Toward the end of July, Philip and Ivan clashed publicly again. On the 28th, the metropolitan was celebrating a service at the Novodevichy Monastery outside Moscow, and as he led a procession around the walls, the tsar and a band of Oprichniki suddenly appeared. Philip noticed that one of them (according to Islamic custom) was standing with his cap on. “Sovereign Tsar,” said Philip, “are the Orthodox to uphold Islamic law?” The tsar responded: “How so?” Philip answered: “There he is, one of your own guards, the one who looks like Satan.” Ivan looked back, but the man had already removed his cap.14
In early September, there were mass executions. Some 450 nobles and their servitors, including several of Philip’s relations, were killed. Many had been on Staritsky’s conspiracy list. Others had simply been close to Chelyadnin, and they included outstanding members of the military high command, such as the officers in charge of Narva, Svyazhsk, and Kazan. If Kurbsky’s charge in 1564 that Ivan was killing off his best generals (as Stalin would do in the 1930s) had at the time been overstated, it was certainly true by 1568.
On the 11th, Chelyadnin himself was summoned to the Kremlin’s Golden Chamber where Ivan arrayed him in royal robes and placed him on the throne. Prostrating himself in mock humility, the tsar
said: “You have what you wanted.
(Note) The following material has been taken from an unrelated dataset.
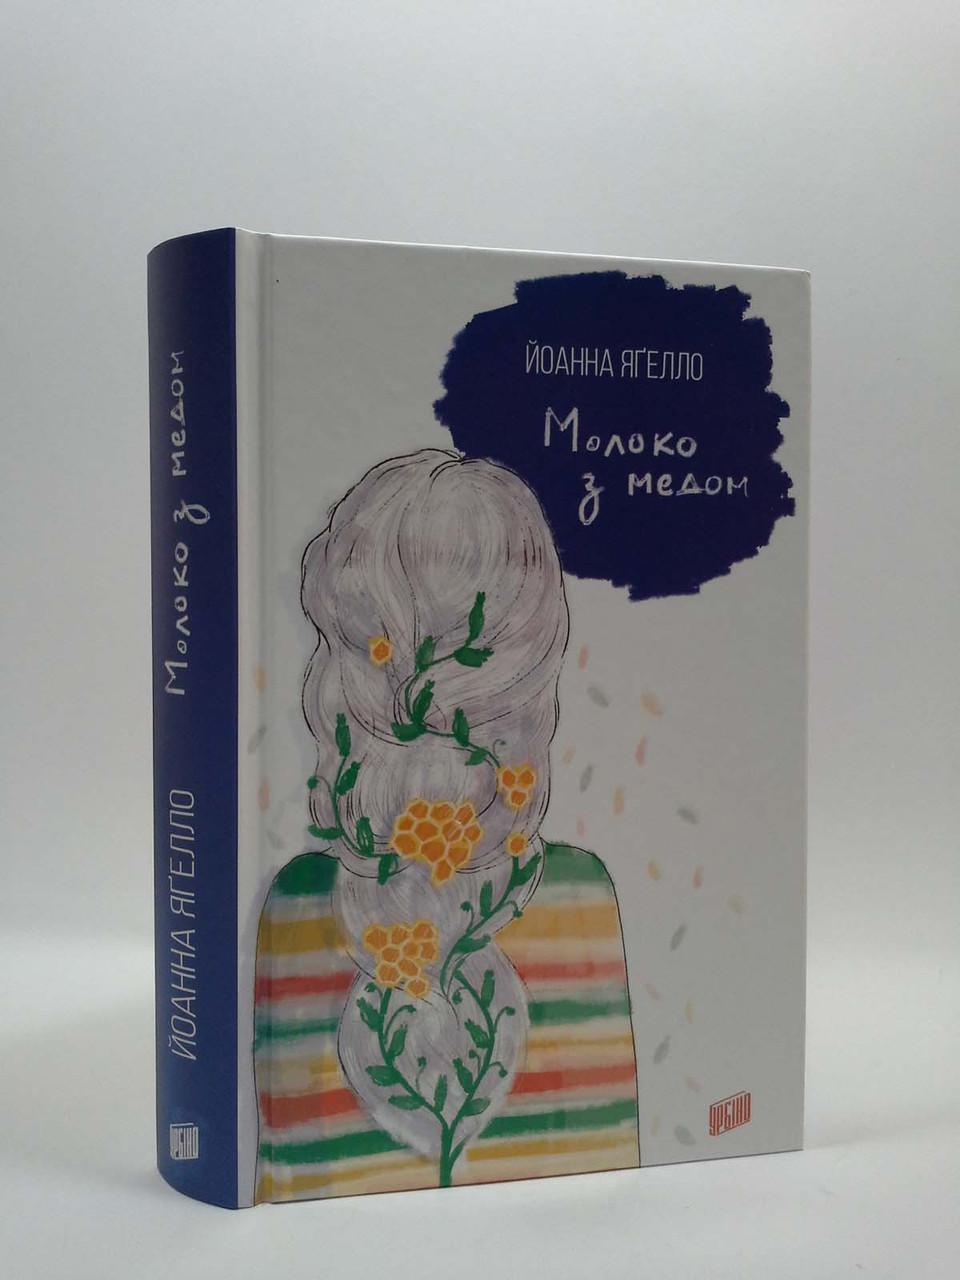 Урбіно Ягелло Книга 4 Молоко з медом - фото 1

Enjoy it.” Then: “What I have given, I can also take away,” and (it is claimed) seizing a knife stabbed him in the chest.15 Afterward, Ivan’s myrmidons threw the body into a ditch.
Chelyadnin’s fate cowed all vestigial boyar opposition, and despite the tainted evidence of the investigative commission, the Duma agreed to try Philip on a range of charges from administrative corruption to sorcery. The chief witnesses against him were Paisy, Philip’s successor as abbot, and certain elders whom he had repeatedly reprimanded for allowing the monastery’s reservoir and dam to fall into disrepair. Their testimony came as no surprise. In January 1568, in answer to his chiding, they had sent him a shipment of rotten fish. Surely they would not have dared to do so if Philip’s impending fall had not already been widely assumed. Another cleric with a grudge was the Archpriest Evstafy, Ivan’s current confessor, whom Philip had reproached for his lack of spiritual counsel to the tsar. And then of course there was Archbishop Pimen, who hoped at last to be made metropolitan once Philip was out of the way.
As a clergyman, incidentally, Pimen was only interested in strictly liturgical questions; for example, what one was supposed to do if a priest collapsed in the middle of Communion.
Meanwhile, Ivan did everything he could to intimidate Philip before his arraignment, and on the eve of his trial decapitated his cousin, Mikhail Kolychev, and sent him the head sewn up in a leather bag.